當初兩人因陸雲裳的事情有過芥蒂,不過後來接觸多了,彼此有所瞭解,誤會自然解除,相處也變得和睦起來,府門外,李興盯著柴安認真問道:“柴兄所言之事當真能夠實現?”

柴安知道他問的是活字印刷術推廣開真的能做到聚民心之事,想了一下苦笑道:“若能全國上下推開,再加之輿論引導的確能夠做到,只是何其難也。”

“只要能做到,再難也值得一搏,若柴兄不嫌棄,此事可算我一個。”

柴安愣了一下,說實話他真不想將李興捲入其中,活字印刷術此時還好說,一旦真的按照他設想的那樣鋪開,書籍普及,全民開智,報紙紛飛,輿論焦點,對這個時代的衝擊必定是天翻地覆的,當然反撲過來的力量也將是能把任何人都碾碎的,他自認扛不住,王文厚不行,李綱也不行,他只是給老人一個希望而已。

沉吟半晌,還是把這些實情都告之,李興反倒淡淡一笑:“家父時常教誨,君子有所為有所不為,豈能因困難危險而止步。”

柴安欲言又止,李興陪著柴安走了一段路:“父親近來的身體越來越差了,飲酒聊天之時也多有不忿之言,這在以前是很少的,若不是今日柴兄給了家父一個希望,我都準備要再買一位姑娘給老人家做妾讓他高興一下了。”

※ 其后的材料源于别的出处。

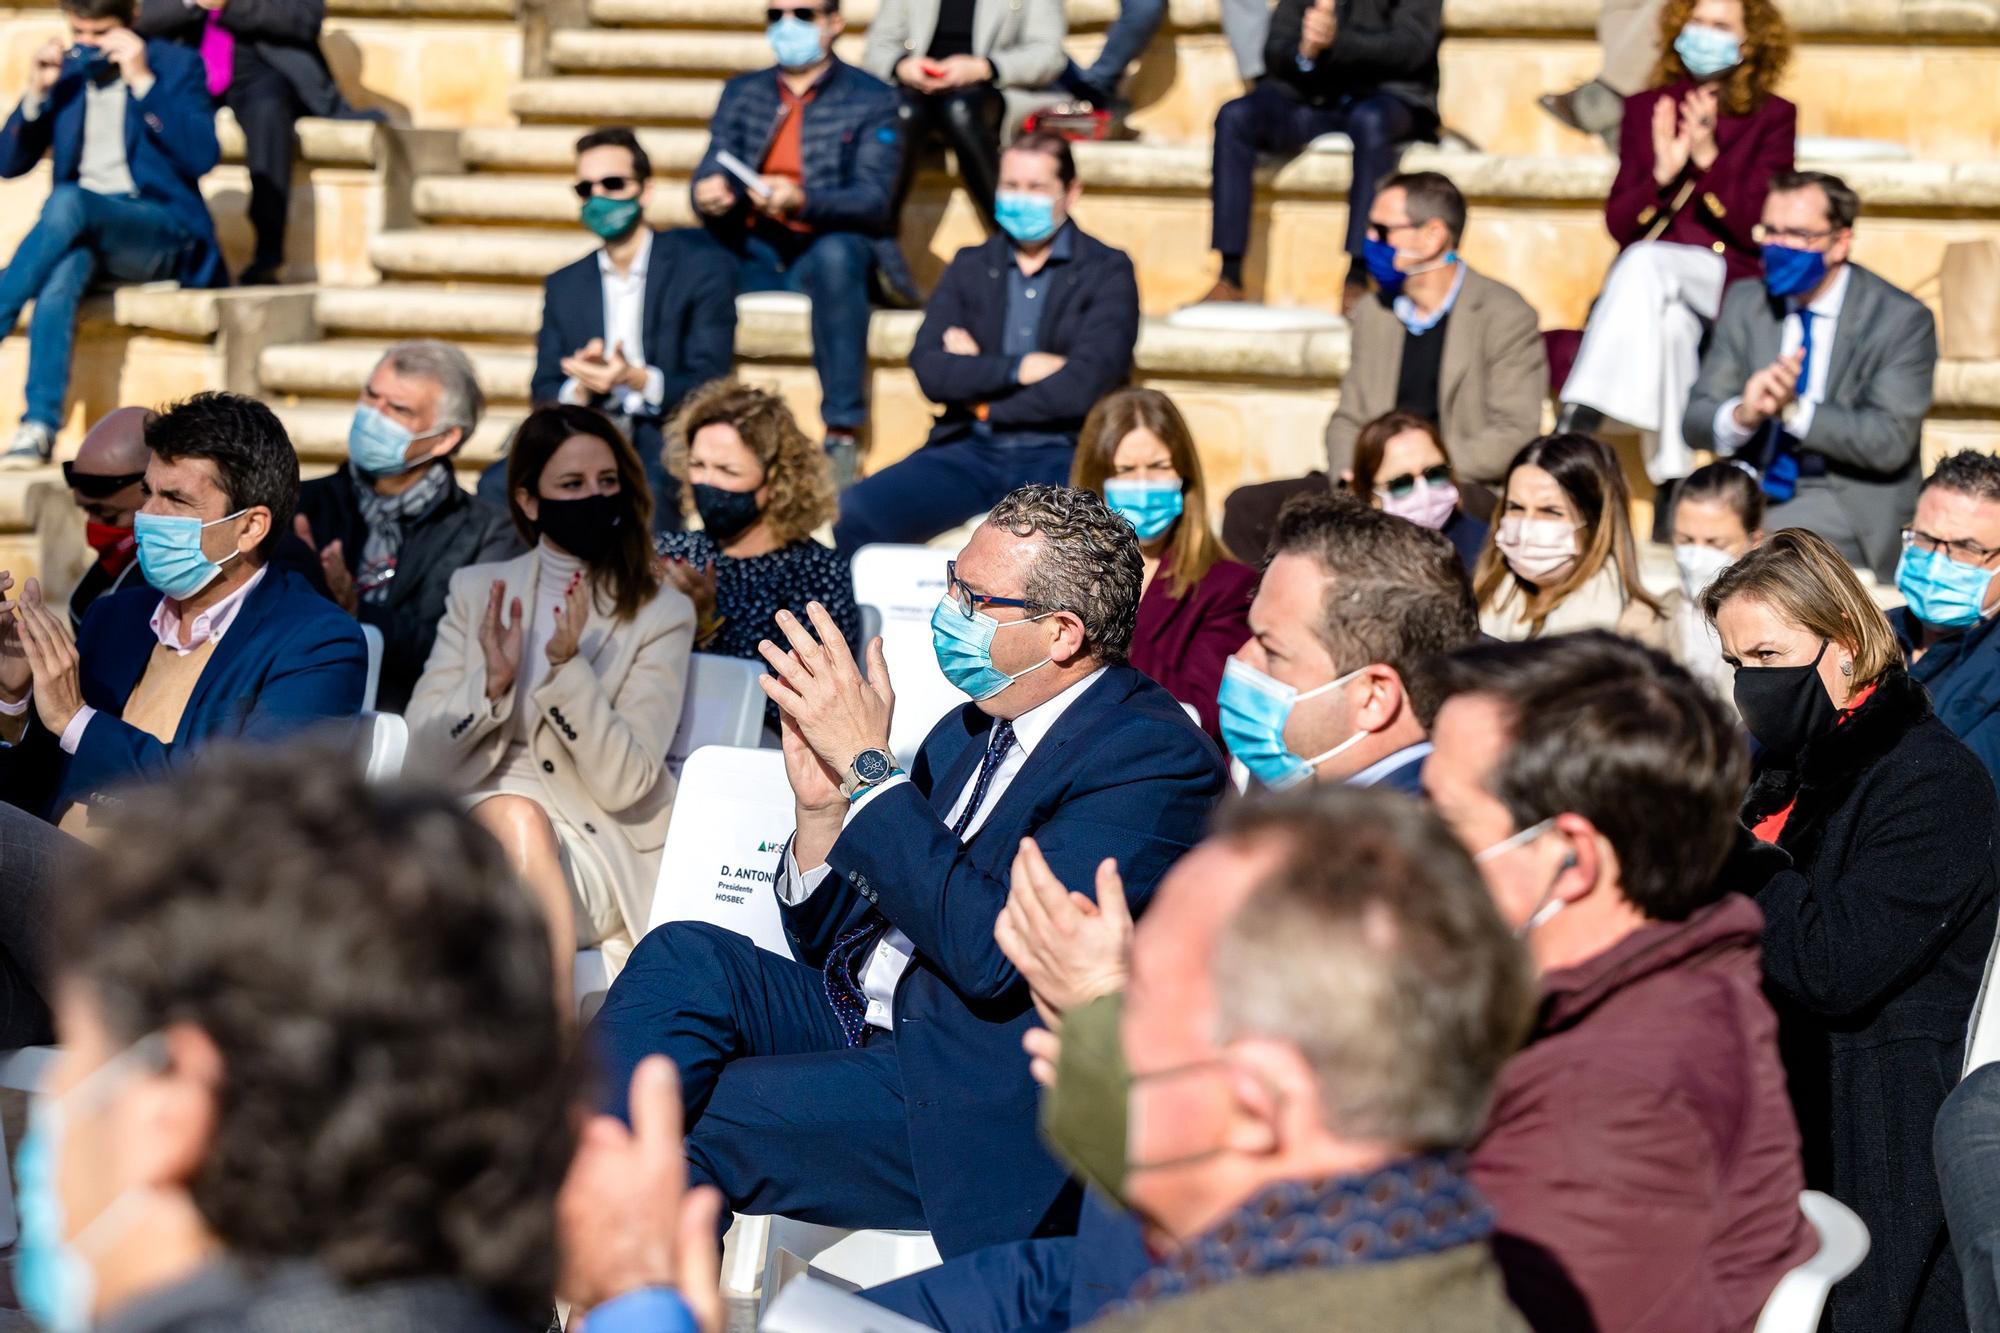 Al encuentro ha asistido el secretario de Turisme Comunitat Valenciana, Francesc Colomer; el presidente de la Diputación, Carlos Mazón; y el alcalde de Benidorm Toni Pérez entre otros representantes institucionales y empresariales.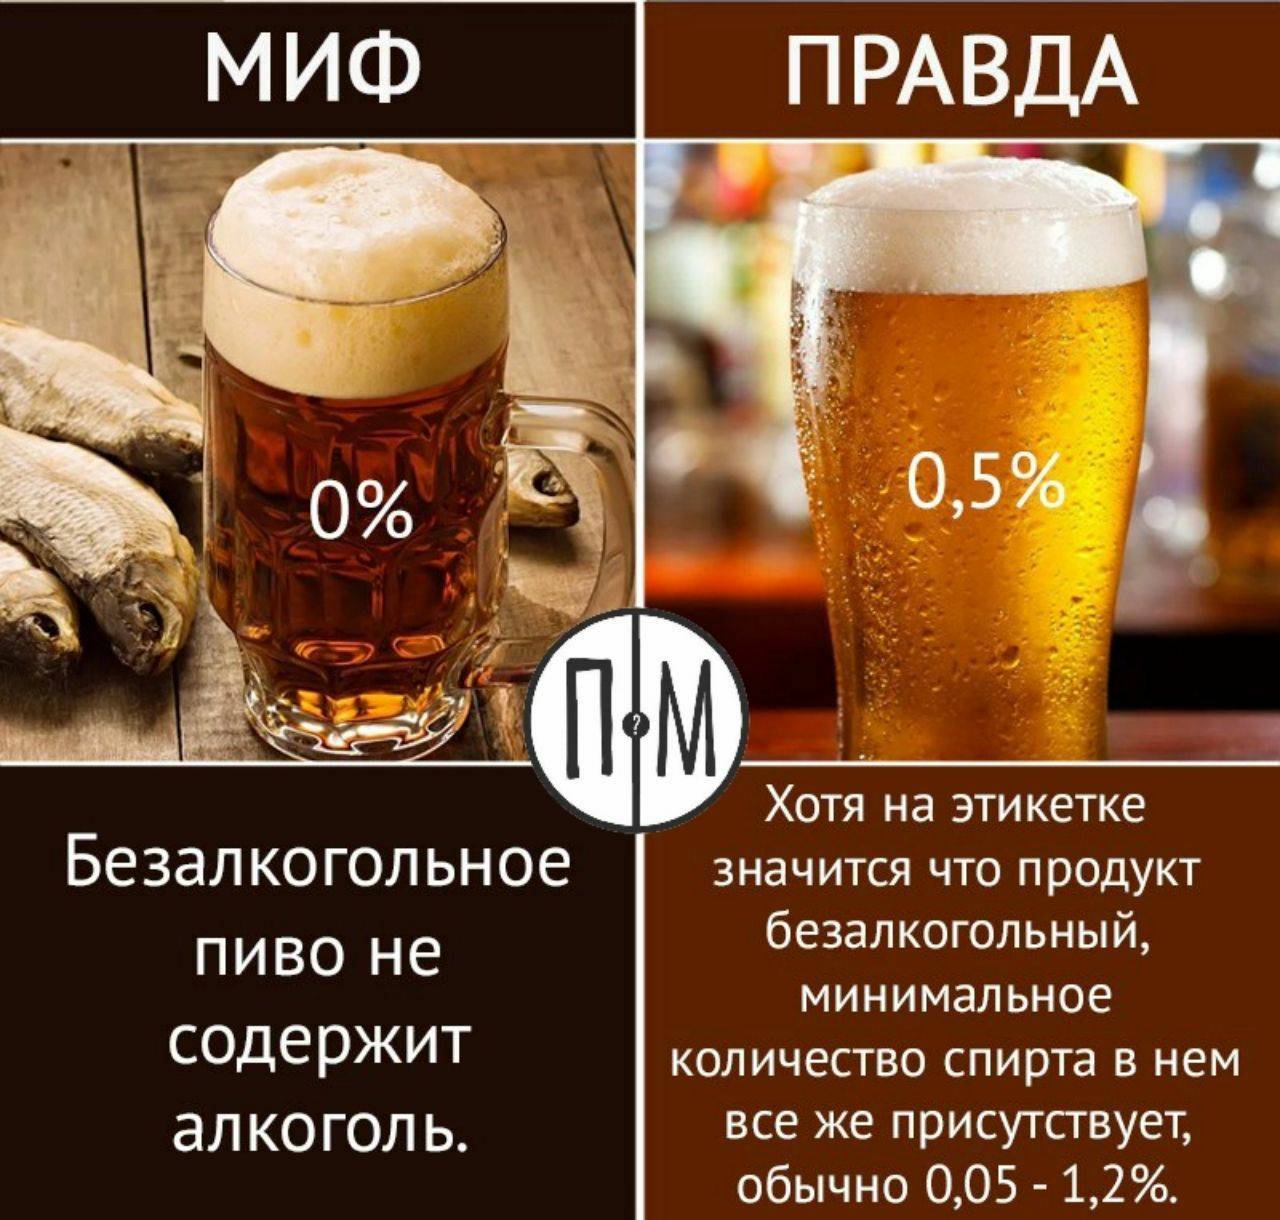 Безалкогольное пиво: польза и вред хмельного продукта

“你這混賬的不孝子。”柴安笑罵,也明白了當初他一個謙謙君子強逼陸雲裳的苦衷。

“對了柴兄,有一事興甚是好奇,不知可否冒昧一問?”

“何事?”

“王公緣何會親自送你出府?”李興一臉的好奇與希冀。

這個問題一出,七娘也翹起了腳,她裝作無事,可握著的小拳頭出賣了她,柴安無奈搖頭,只好坦白:“我答應作坊上正軌之後為王公出文集。”

“佩服佩服。”李興恍然大悟,這對王文厚這樣聲名地位都走到盡頭的老人家絕對是致命的誘惑,他一邊拱手一邊目光閃爍:“又學了一招。”

柴安一見他這副模樣就知道要做什麼,搖頭苦笑:“有你這樣的兒子,老頭子真不知是該幸福還是該悲痛?”

“嘿,怎麼說話呢?”

“用嘴說話的。”

柴安拉著七娘的手揚長而去,至於以後李興這坑爹的兒子還怎麼設計老爹那是他們家的事嘍,他可管不著,老頭子一時低落都要遭親兒子算計,真是可悲又可喜的老頭。

“對了,老頭子讓我給你代一句話。”李興追了上來,氣喘吁吁道:“混小子滾蛋吧,家裡的事用不著你操心。”

這一次換成李興揚長而去,柴安則站在原地久久不語。

直到李興不見了影蹤,七娘才拉拉他的袖子,低語道:“官人,李老是一個好人。”

柴安默默點頭,李綱與他沒有半分的利益牽扯,不論是最初的印書還是酒水等等的生意,老人家始終獨善其身,很多時候在幕後他幫過柴安許多,可始終不得利獲利,連送去的也被退回,純粹是一個老人家對後輩的提攜,這份情操讓柴安很是敬重,也銘記在心底。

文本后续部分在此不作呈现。